Но эти «современные культурные идеи» — что же они дают в отношении религиозной свободы? Уж где же, кажется, больше свободы, как не в них. Г-н Введенский, однако, напоминает совсем иные факты. Современные культурные идеи, только развиваемые протестантством, уже одержали победу еще западнее, в Париже. И какого же рода свободу дают они? Свободу ни во что не верить вы, конечно, имеете полную, но далеко не то оказывается, когда вы вообразите, будто имеете свободу верить. «Какая, — говорит г-н Введенский, — здесь (во Франции. — Л. Т.) масса, особенно за последнее время, проскрипций, лишений жалованья, денежных штрафов, налагаемых на лиц духовных именно за исполнение долга, за наставления пасомых не говорить и не делать ничего противного вере их». Наши проповедники европейской свободы очень охотно кричат против «интриг католиков» и выставляют республиканское правительство якобы охранителем свободы, когда оно борется против своей Церкви. И, однако, за что же оно преследует священников и епископов? Католический священник не проповедует против республики, он только рекомендует своим прихожанам не избирать лиц, известных своей враждой против христианства, — явных атеистов, евреев, масонов. Неужели он не имеет права это делать? Не есть ли, напротив, это его прямая обязанность? Разве можно требовать от священников поддержки врага религии? И, однако, «по вольности тамошней республики» этого требуют, а за неисполнение требования карают. Карают за то, что епископ рекомендует своим прихожанам не содействовать типизации школы, изгнанию из нее Закона Божия, изгнанию креста и т.д. Это у них называется свободой. Г-н Введенский вспоминает характеристичные рассуждения прогрессивного республиканского органа на тему об уничтожении монастырей. В республике, размышляет «Eclair», все равны и все общее; все индивидуальные силы, а в том числе и силы производительные, должны быть обращены на служение целому. Следовательно, католическое безбрачие должно быть упразднено и все монастыри, мужские и женские, должны быть закрыты, так как монахи, монахини и патеры «уклоняются от исполнения первой и самой необходимой социальной обязанности — обязанности воспроизведения и численного увеличения населения»! Libertd, egalite, fratemite и предписание префектам о принятии надлежащих мер к выдаче замуж монахинь за монахов со взятием подписки о произведении для нужд государства узаконенного числа детей...

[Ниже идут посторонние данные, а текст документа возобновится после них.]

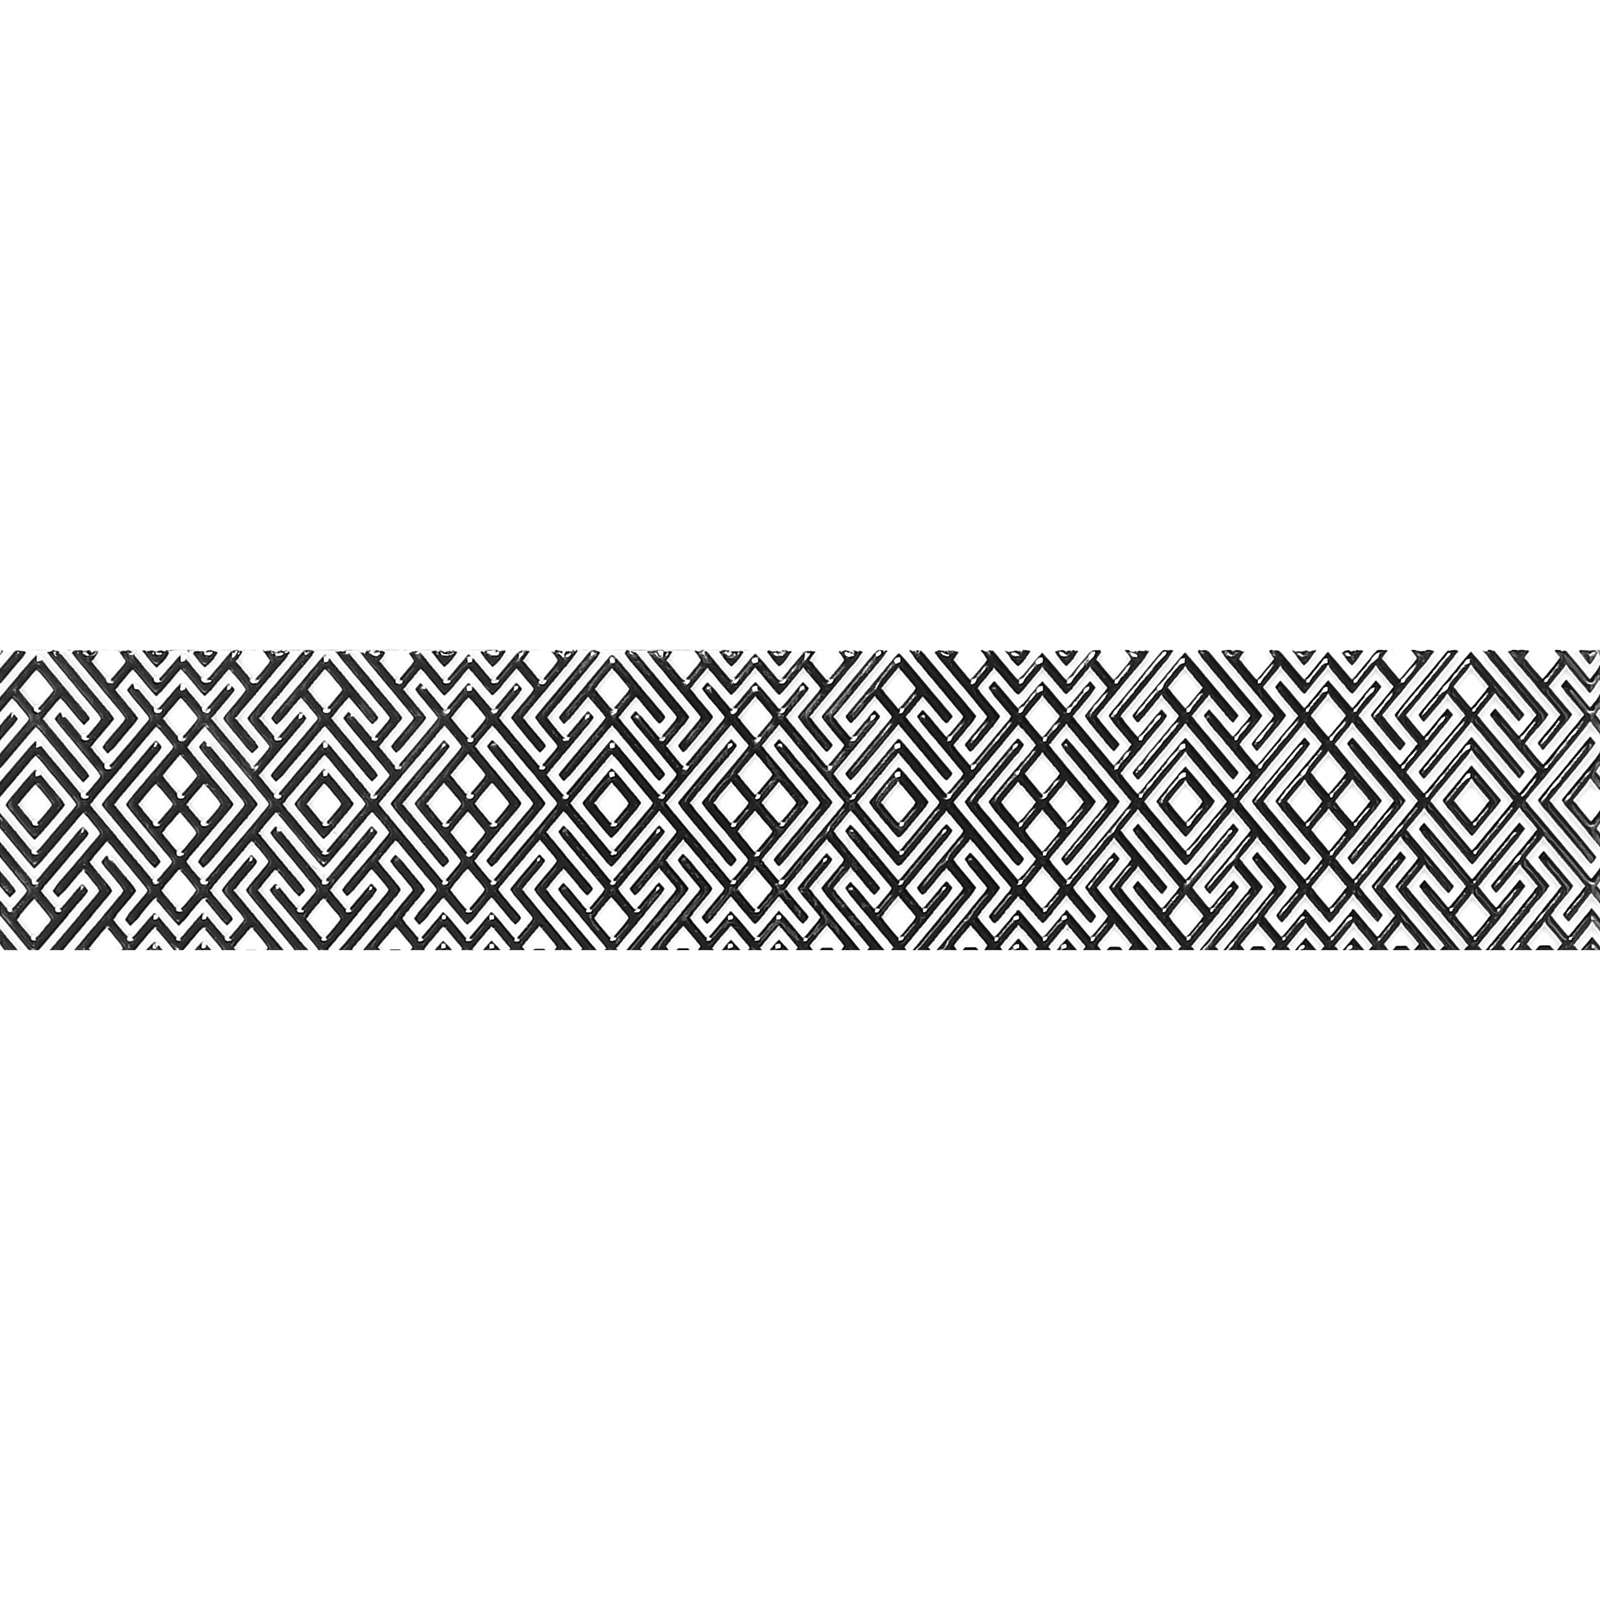 Бордюр 400х75мм Камелия черный 01, Шахты

Г-н Введенский не знает и не хочет решать, разлагается Запад или нет. Он хорошо делает, что остается в пределах своего непосредственного наблюдения. Я, однако, в пределах моего наблюдения смею думать, что личность на Западе, несомненно, понизилась сравнительно с тем прошлым, которое мы знаем по истории и литературе. От этого и западноевропейская свобода начинает приобретать весьма странные черты. Дело в том, что речь о свободе есть или фраза, или недоразумение там, где перестают думать о личности. Полагаю, что западноевропейская личность, к сожалению, находится в гораздо большей опасности, нежели это успел подметить г-н Введенский. Однако и в его наблюдениях ясно невысокое ее состояние. Это проявляется, между прочим, в чрезвычайном упадке всех идеальных ее стремлений.

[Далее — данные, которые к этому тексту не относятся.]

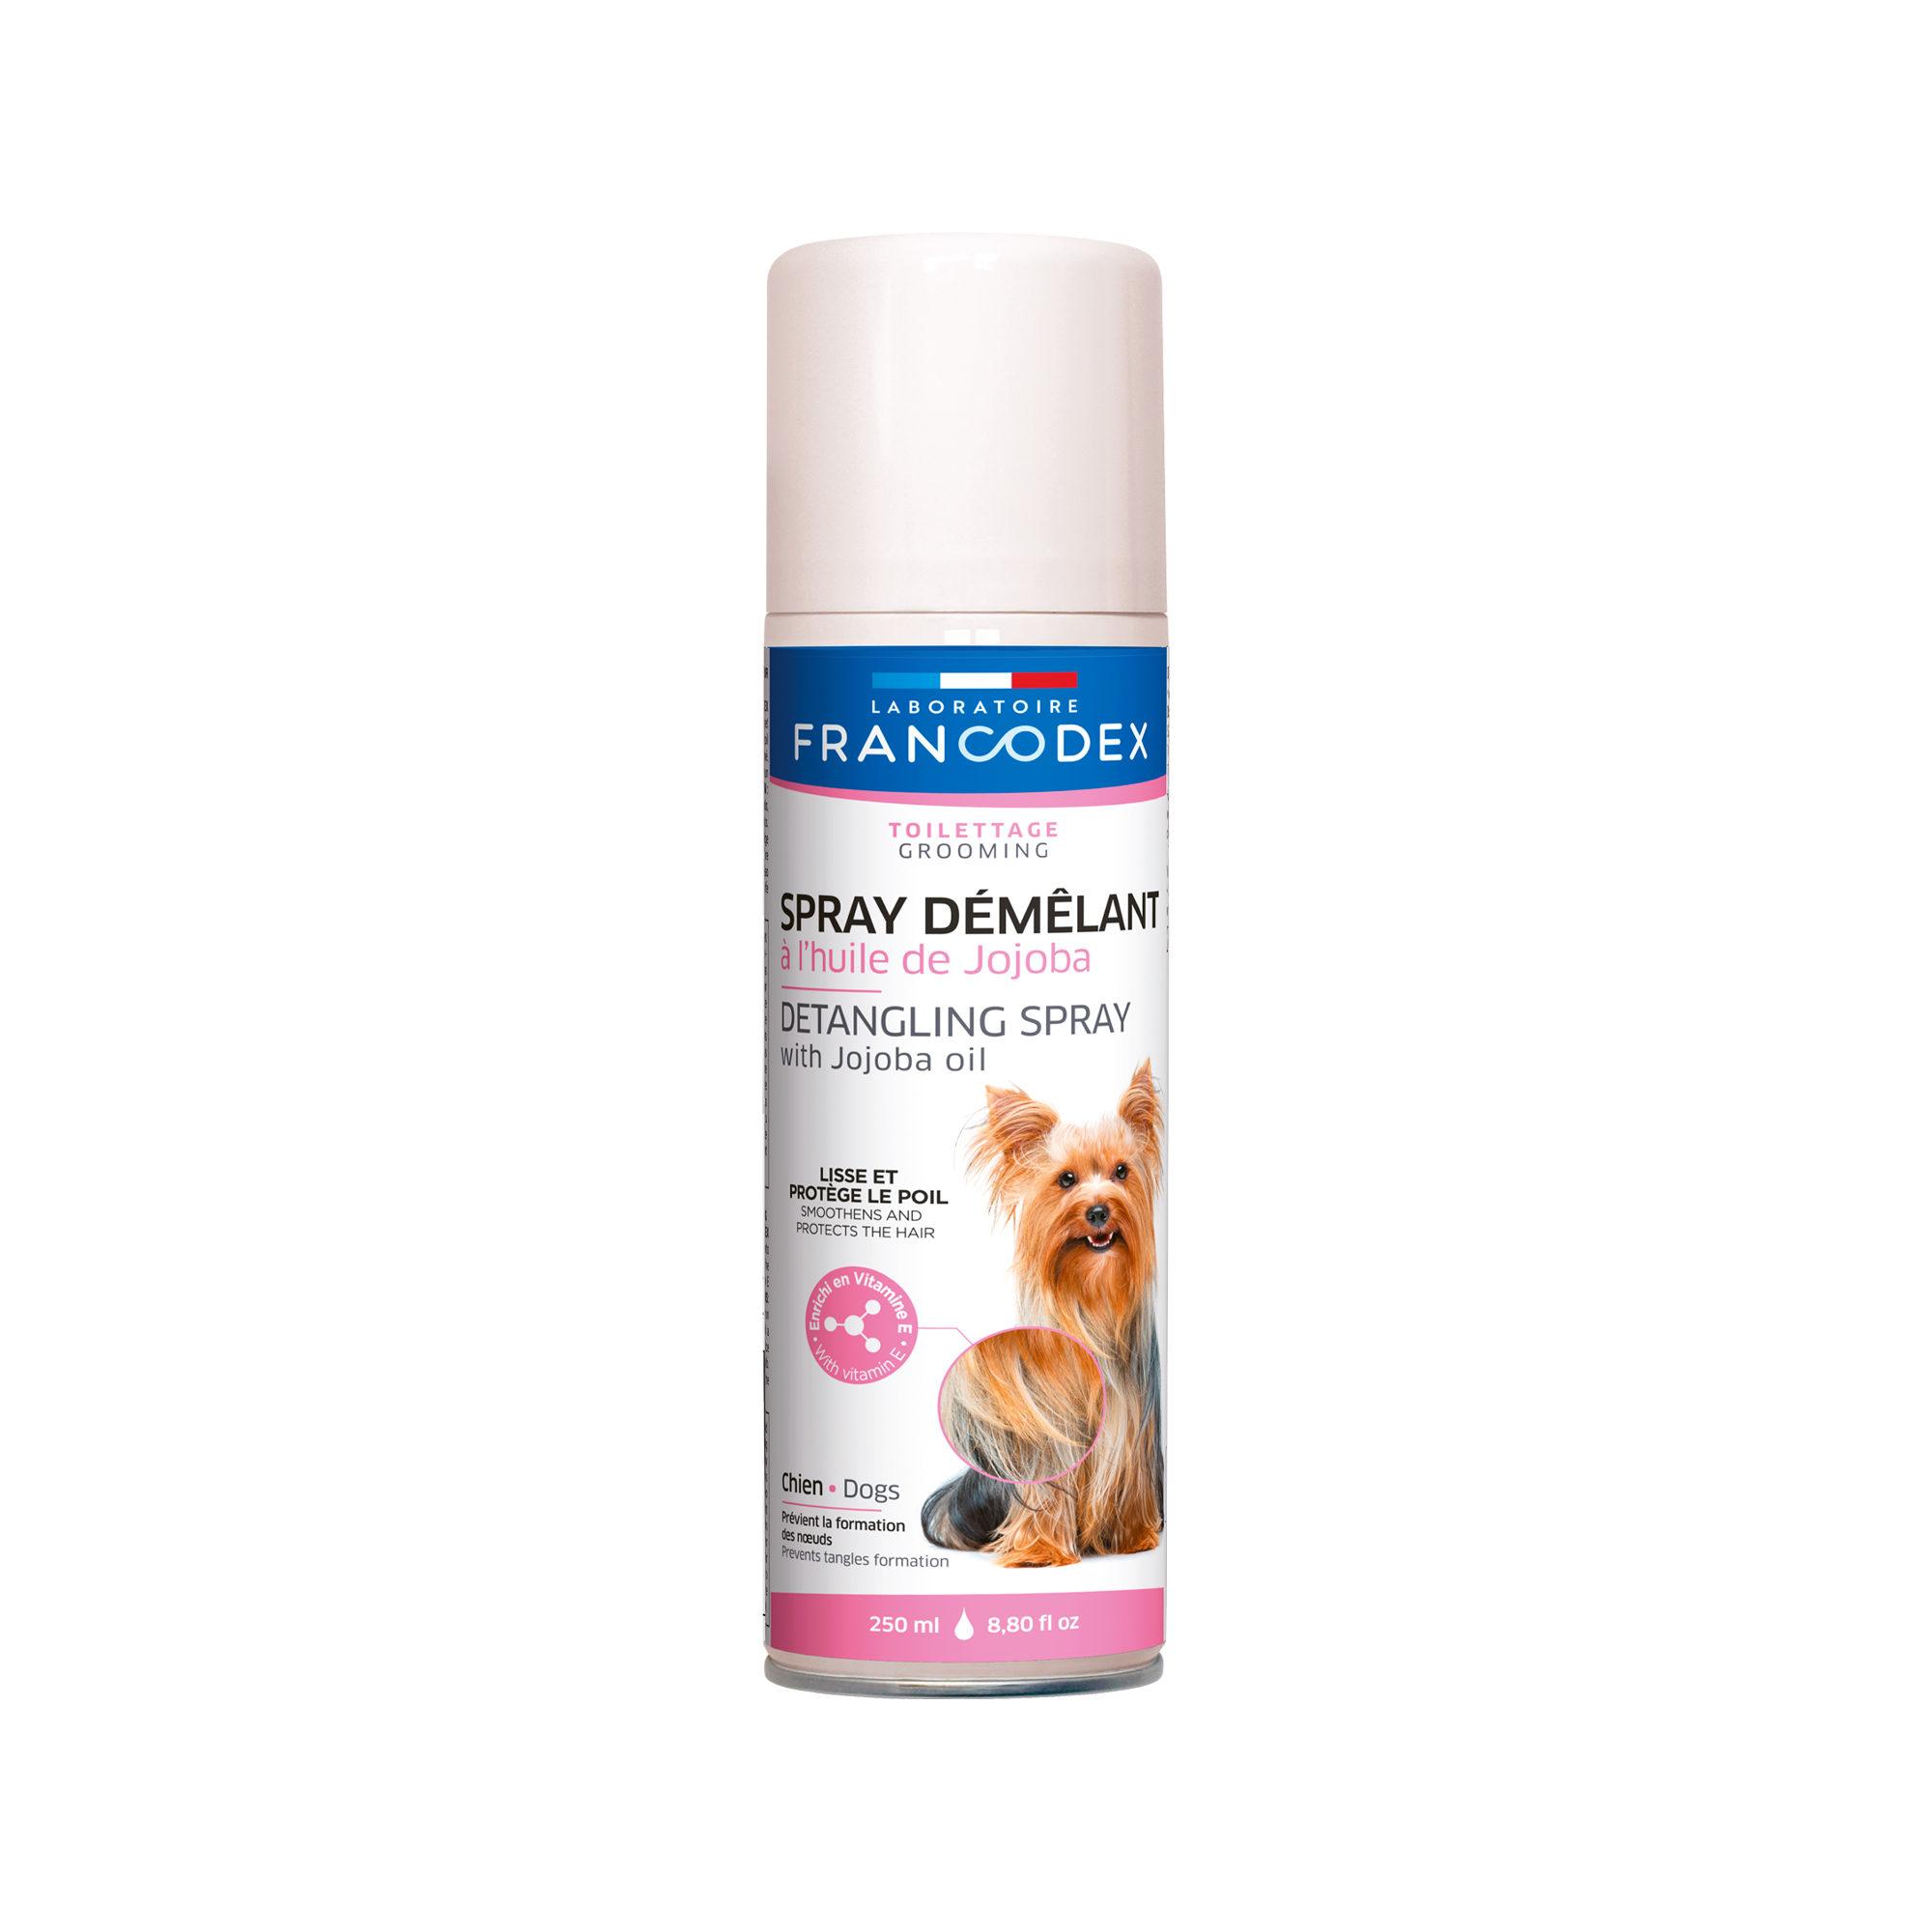 Francodex Detangling Spray

«На протяжении 30—40 лет, — говорит наш автор, — в настроении умов Германии произошел радикальный переворот. Прежний священный и трепетный культ жрецов и пророков возвышенного, хотя и заоблачного идеализма сменился прозаичным, лишенным свежих порывов молодости преклонением перед работниками в области точного знания». Не творчество, но работа. Не истина, а «точное знание». Есть ли, однако, что-либо более условное и относительное, как это «точное знание»?.. Да, говорит современный человек, оно относительно и условно, но нам это и нужно. Всякое стремление к истине пропорционально способностям нашим, и если мы уже не стремимся к безусловному и абсолютному, то, стало быть, в самих способностях наших уже разложилось нечто очень важное. Было время, когда западноевропейский человек с отчаянием и негодованием подмечал, что безусловное становится для него недостижимым, закутывается каким-то туманом. Но время шло, «эволюция» делала свое дело, по безусловному перестали тосковать, начинают даже негодовать против тех, кто нарушает спокойствие пониженного сознания напоминанием о том прошлом, когда на душе было что-то повыше. Это настроение созревшее, уже деспотически давящее. Его приходилось наблюдать и г-ну Введенскому. Недавно какой-то «последний могиканин» умирающего прошлого читал в Берлине публичную лекцию и не удержался от вылазки против узких тенденций современного естествознания. «Естественники и медики, — говорил он, — могут сколько угодно унижать человеческую природу, но они в ней ничего не знают, дух, оживляющий человека, от них ускользает...» При этих словах раздается неистовое Scharren аудитории, шарканье ногами — то же, что у нас свистки... Смутился бедный «последний могиканин», но оправился и смело возобновил речь: «Милостивые государи! Тридцать лет назад, когда я сидел на вашем месте, мы не стыдились говорить, что человек есть человек, что он, как носитель искры божественного разума, как Heine Majestat [1], бесконечно возвышается над неразумной природой. Но tempera mutantui [2]. Вы стыдитесь этих слов...» Снова раздается заглушающий Scharren... Аудитория, говорит г-н Введенский, была не пристыжена, но озлоблена. Это было в ее глазах «посягательством на науку»... Не было ли это также тревожное, досадное напоминание о том, к чему уже сознают себя неспособными? Аудитория не ограничилась такими протестами. На другой день имя профессора (почтенного ученого, по словам автора) в объявлении на дверях университета было мальчишески замарано и зачеркнуто.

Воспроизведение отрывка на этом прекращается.